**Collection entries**
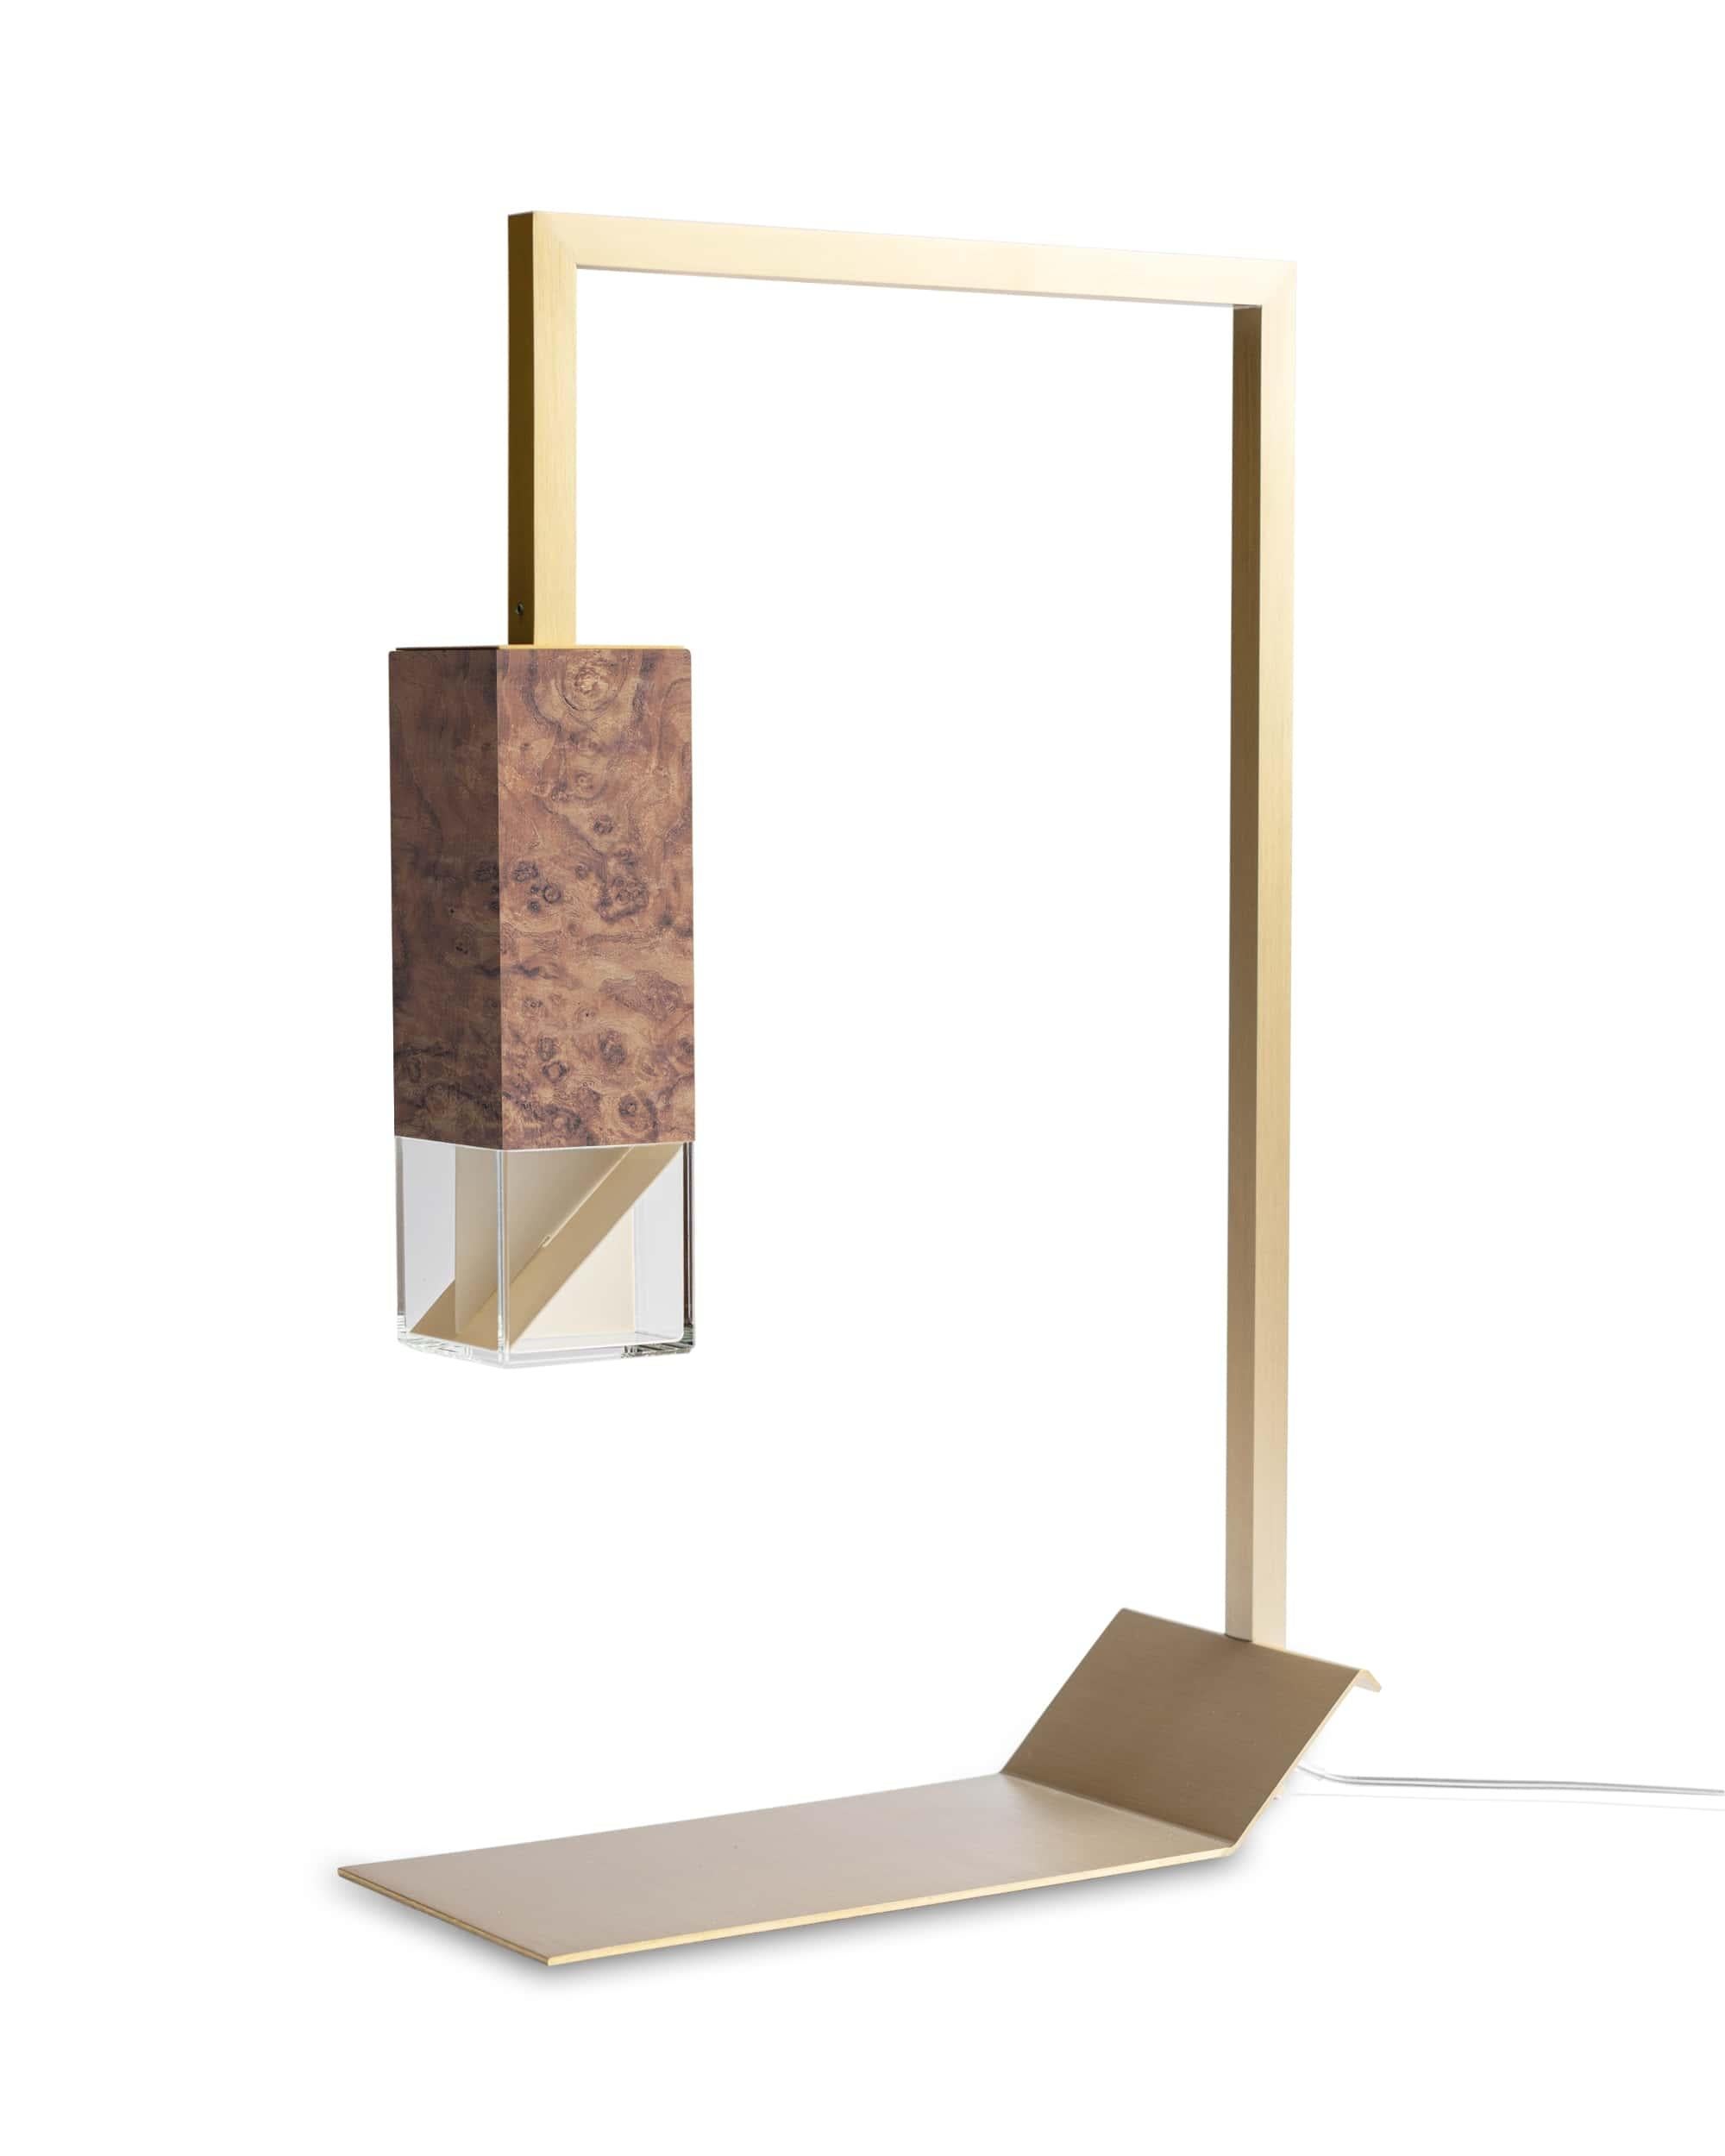 Wood Table Lamp Two 02 Revamp Edition by Formaminima.
Limited Edition of 250 pieces. Numbered and signed with certificate of authenticity.
Dimensions: W 10 x D 25 x H 40 cm.
Materials: Walnut briarwood, brass, crystal.

All our lamps can be
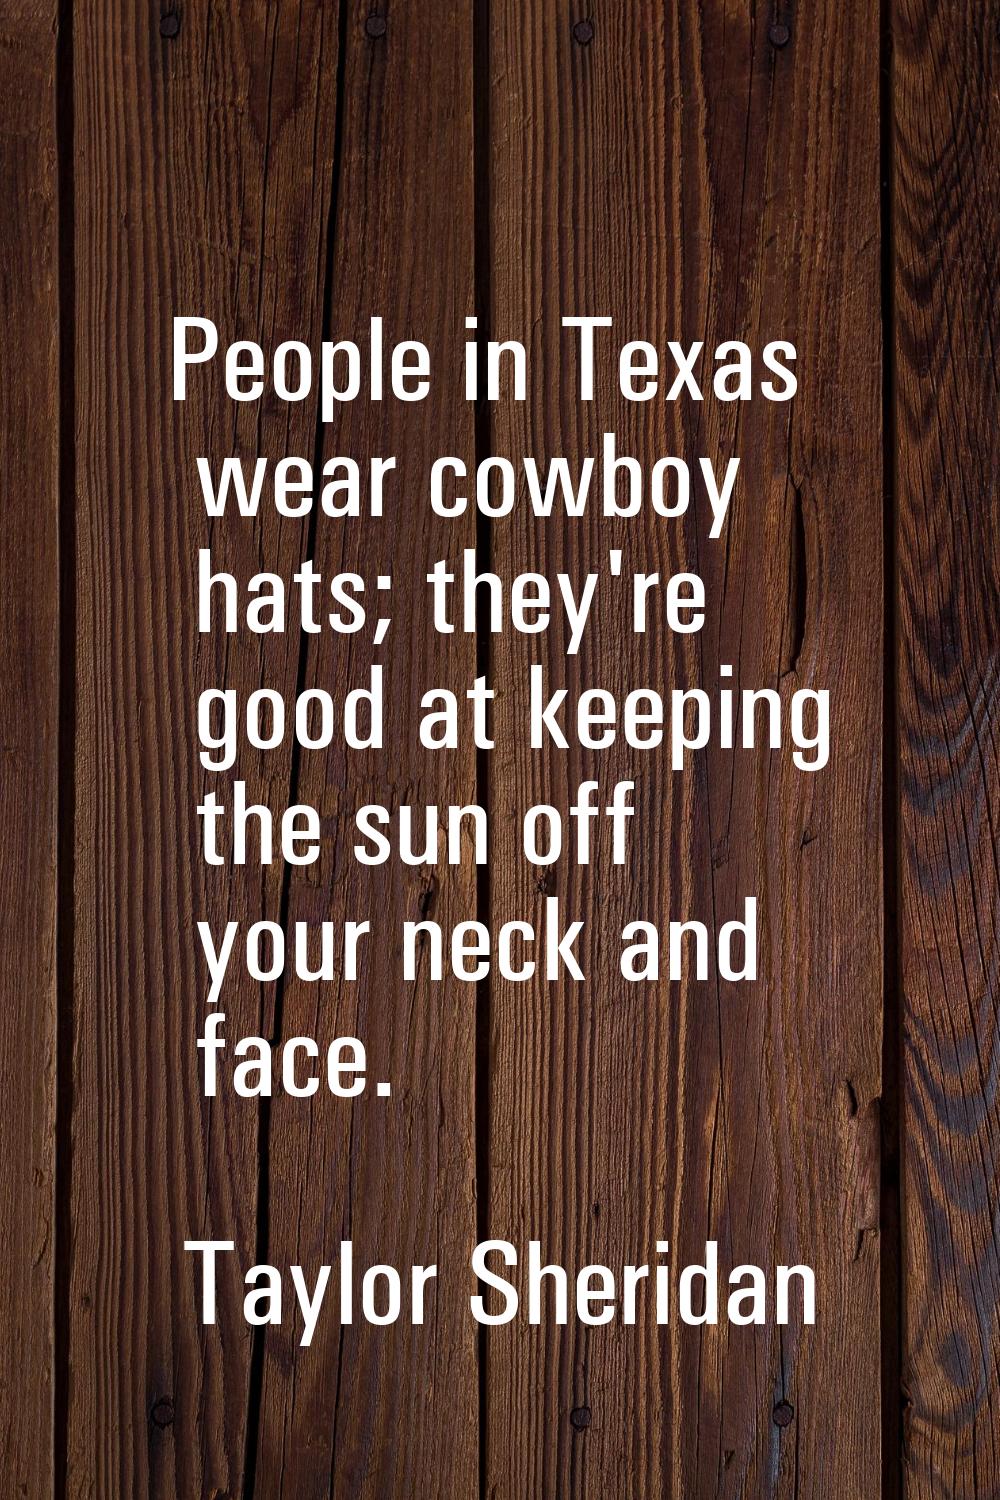 People in Texas wear cowboy hats; they're good at keeping the sun off your neck and face.
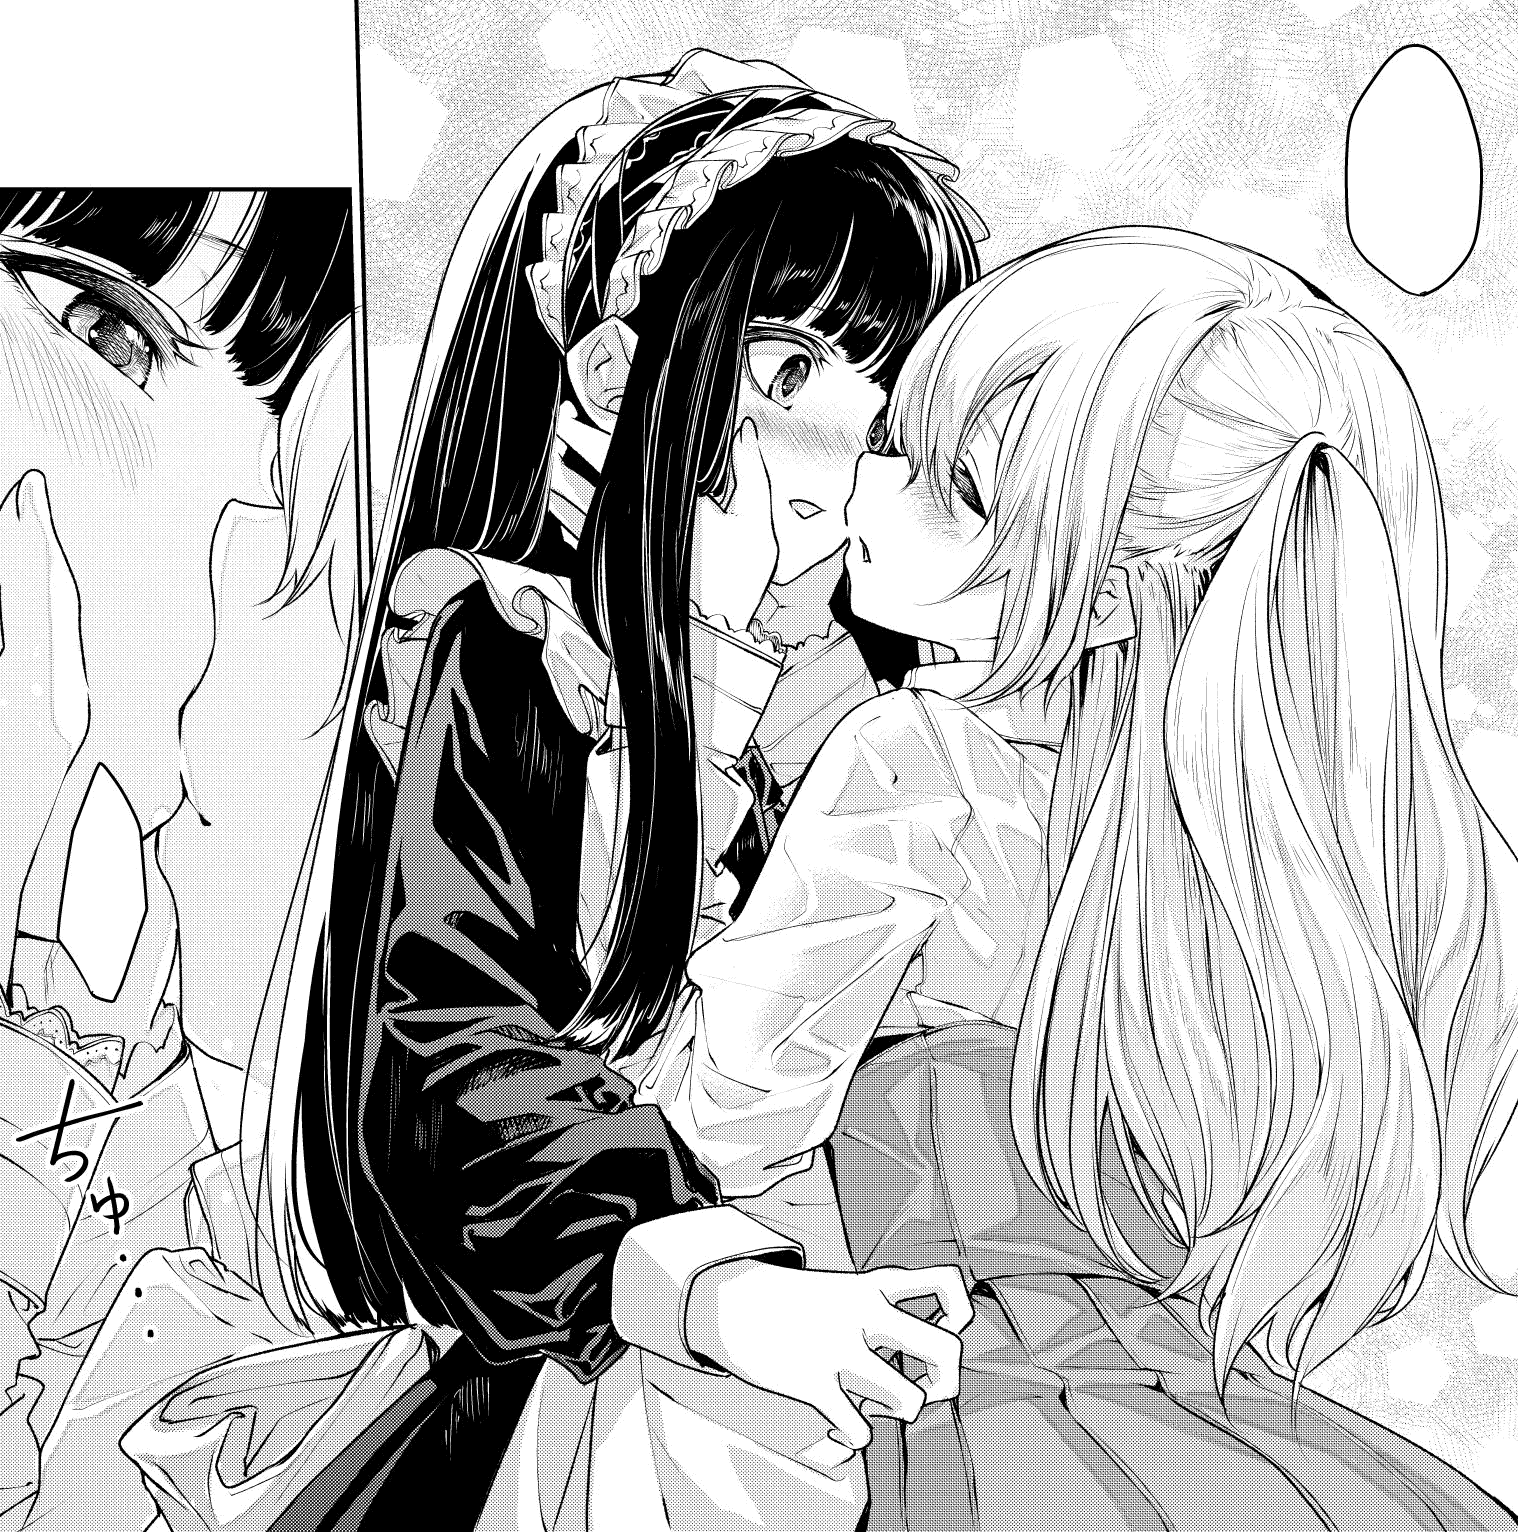 The Hidden Love of the Young Mistress and her Maid manga

**Your assignment**
The required output is every line from the one containing "Limited Edition of" through the last line of the records, inclusive, reproduced exactly and without pictures.

**Response area**
Limited Edition of 250 pieces. Numbered and signed with certificate of authenticity.
Dimensions: W 10 x D 25 x H 40 cm.
Materials: Walnut briarwood, brass, crystal.

All our lamps can be
 People in Texas wear cowboy hats; they're good at keeping the sun off your neck and face.
 The Hidden Love of the Young Mistress and her Maid manga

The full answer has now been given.